_Exercise objective:_
Each record that follows is to be output in full, precisely as written.

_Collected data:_
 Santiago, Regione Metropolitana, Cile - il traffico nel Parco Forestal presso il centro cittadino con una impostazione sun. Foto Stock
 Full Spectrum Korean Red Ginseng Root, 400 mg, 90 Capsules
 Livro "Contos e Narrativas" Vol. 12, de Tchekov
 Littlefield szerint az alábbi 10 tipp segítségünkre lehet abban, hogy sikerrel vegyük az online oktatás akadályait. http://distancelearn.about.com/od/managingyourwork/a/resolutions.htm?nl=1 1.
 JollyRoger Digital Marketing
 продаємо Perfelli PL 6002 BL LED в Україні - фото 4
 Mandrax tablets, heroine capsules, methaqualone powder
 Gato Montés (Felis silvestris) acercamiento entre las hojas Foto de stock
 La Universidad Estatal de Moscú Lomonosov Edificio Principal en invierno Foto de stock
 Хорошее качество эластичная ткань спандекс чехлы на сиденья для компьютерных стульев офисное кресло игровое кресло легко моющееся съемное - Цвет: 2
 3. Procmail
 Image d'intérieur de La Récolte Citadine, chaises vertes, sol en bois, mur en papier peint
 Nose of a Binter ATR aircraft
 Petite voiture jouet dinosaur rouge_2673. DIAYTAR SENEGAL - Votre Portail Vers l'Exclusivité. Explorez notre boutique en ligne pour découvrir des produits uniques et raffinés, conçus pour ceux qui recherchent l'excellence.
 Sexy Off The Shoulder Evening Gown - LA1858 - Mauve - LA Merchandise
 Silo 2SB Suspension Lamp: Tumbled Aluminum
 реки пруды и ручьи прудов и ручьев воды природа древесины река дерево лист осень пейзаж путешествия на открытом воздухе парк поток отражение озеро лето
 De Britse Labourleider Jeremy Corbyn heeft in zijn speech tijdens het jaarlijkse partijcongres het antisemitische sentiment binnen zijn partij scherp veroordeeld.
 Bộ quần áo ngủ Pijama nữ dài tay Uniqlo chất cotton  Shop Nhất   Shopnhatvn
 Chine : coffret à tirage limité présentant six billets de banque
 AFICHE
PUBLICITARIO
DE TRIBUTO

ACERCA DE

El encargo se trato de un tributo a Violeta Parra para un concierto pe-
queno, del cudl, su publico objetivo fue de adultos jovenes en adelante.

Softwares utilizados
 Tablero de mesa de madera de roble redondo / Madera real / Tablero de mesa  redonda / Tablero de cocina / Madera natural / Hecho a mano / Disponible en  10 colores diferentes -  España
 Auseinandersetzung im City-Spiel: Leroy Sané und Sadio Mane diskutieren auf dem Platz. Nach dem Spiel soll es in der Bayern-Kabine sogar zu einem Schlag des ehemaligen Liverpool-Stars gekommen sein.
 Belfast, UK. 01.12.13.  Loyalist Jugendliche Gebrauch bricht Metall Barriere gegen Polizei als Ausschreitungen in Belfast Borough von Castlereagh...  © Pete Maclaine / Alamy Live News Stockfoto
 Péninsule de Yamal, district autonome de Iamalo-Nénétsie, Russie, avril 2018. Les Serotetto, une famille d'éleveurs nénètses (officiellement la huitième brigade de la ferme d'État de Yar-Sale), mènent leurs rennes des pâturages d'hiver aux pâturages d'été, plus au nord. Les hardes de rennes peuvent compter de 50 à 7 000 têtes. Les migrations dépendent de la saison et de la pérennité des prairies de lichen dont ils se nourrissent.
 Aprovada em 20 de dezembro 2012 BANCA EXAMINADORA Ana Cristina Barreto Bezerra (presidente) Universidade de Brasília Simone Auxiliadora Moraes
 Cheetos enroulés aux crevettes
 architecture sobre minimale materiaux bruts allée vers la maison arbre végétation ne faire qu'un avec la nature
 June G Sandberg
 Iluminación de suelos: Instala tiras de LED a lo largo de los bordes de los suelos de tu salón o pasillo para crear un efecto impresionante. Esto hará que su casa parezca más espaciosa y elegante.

_Response to this exercise:_
 Santiago, Regione Metropolitana, Cile - il traffico nel Parco Forestal presso il centro cittadino con una impostazione sun. Foto Stock
 Full Spectrum Korean Red Ginseng Root, 400 mg, 90 Capsules
 Livro "Contos e Narrativas" Vol. 12, de Tchekov
 Littlefield szerint az alábbi 10 tipp segítségünkre lehet abban, hogy sikerrel vegyük az online oktatás akadályait. http://distancelearn.about.com/od/managingyourwork/a/resolutions.htm?nl=1 1.
 JollyRoger Digital Marketing
 продаємо Perfelli PL 6002 BL LED в Україні - фото 4
 Mandrax tablets, heroine capsules, methaqualone powder
 Gato Montés (Felis silvestris) acercamiento entre las hojas Foto de stock
 La Universidad Estatal de Moscú Lomonosov Edificio Principal en invierno Foto de stock
 Хорошее качество эластичная ткань спандекс чехлы на сиденья для компьютерных стульев офисное кресло игровое кресло легко моющееся съемное - Цвет: 2
 3. Procmail
 Image d'intérieur de La Récolte Citadine, chaises vertes, sol en bois, mur en papier peint
 Nose of a Binter ATR aircraft
 Petite voiture jouet dinosaur rouge_2673. DIAYTAR SENEGAL - Votre Portail Vers l'Exclusivité. Explorez notre boutique en ligne pour découvrir des produits uniques et raffinés, conçus pour ceux qui recherchent l'excellence.
 Sexy Off The Shoulder Evening Gown - LA1858 - Mauve - LA Merchandise
 Silo 2SB Suspension Lamp: Tumbled Aluminum
 реки пруды и ручьи прудов и ручьев воды природа древесины река дерево лист осень пейзаж путешествия на открытом воздухе парк поток отражение озеро лето
 De Britse Labourleider Jeremy Corbyn heeft in zijn speech tijdens het jaarlijkse partijcongres het antisemitische sentiment binnen zijn partij scherp veroordeeld.
 Bộ quần áo ngủ Pijama nữ dài tay Uniqlo chất cotton  Shop Nhất   Shopnhatvn
 Chine : coffret à tirage limité présentant six billets de banque
 AFICHE
PUBLICITARIO
DE TRIBUTO

ACERCA DE

El encargo se trato de un tributo a Violeta Parra para un concierto pe-
queno, del cudl, su publico objetivo fue de adultos jovenes en adelante.

Softwares utilizados
 Tablero de mesa de madera de roble redondo / Madera real / Tablero de mesa  redonda / Tablero de cocina / Madera natural / Hecho a mano / Disponible en  10 colores diferentes -  España
 Auseinandersetzung im City-Spiel: Leroy Sané und Sadio Mane diskutieren auf dem Platz. Nach dem Spiel soll es in der Bayern-Kabine sogar zu einem Schlag des ehemaligen Liverpool-Stars gekommen sein.
 Belfast, UK. 01.12.13.  Loyalist Jugendliche Gebrauch bricht Metall Barriere gegen Polizei als Ausschreitungen in Belfast Borough von Castlereagh...  © Pete Maclaine / Alamy Live News Stockfoto
 Péninsule de Yamal, district autonome de Iamalo-Nénétsie, Russie, avril 2018. Les Serotetto, une famille d'éleveurs nénètses (officiellement la huitième brigade de la ferme d'État de Yar-Sale), mènent leurs rennes des pâturages d'hiver aux pâturages d'été, plus au nord. Les hardes de rennes peuvent compter de 50 à 7 000 têtes. Les migrations dépendent de la saison et de la pérennité des prairies de lichen dont ils se nourrissent.
 Aprovada em 20 de dezembro 2012 BANCA EXAMINADORA Ana Cristina Barreto Bezerra (presidente) Universidade de Brasília Simone Auxiliadora Moraes
 Cheetos enroulés aux crevettes
 architecture sobre minimale materiaux bruts allée vers la maison arbre végétation ne faire qu'un avec la nature
 June G Sandberg
 Iluminación de suelos: Instala tiras de LED a lo largo de los bordes de los suelos de tu salón o pasillo para crear un efecto impresionante. Esto hará que su casa parezca más espaciosa y elegante.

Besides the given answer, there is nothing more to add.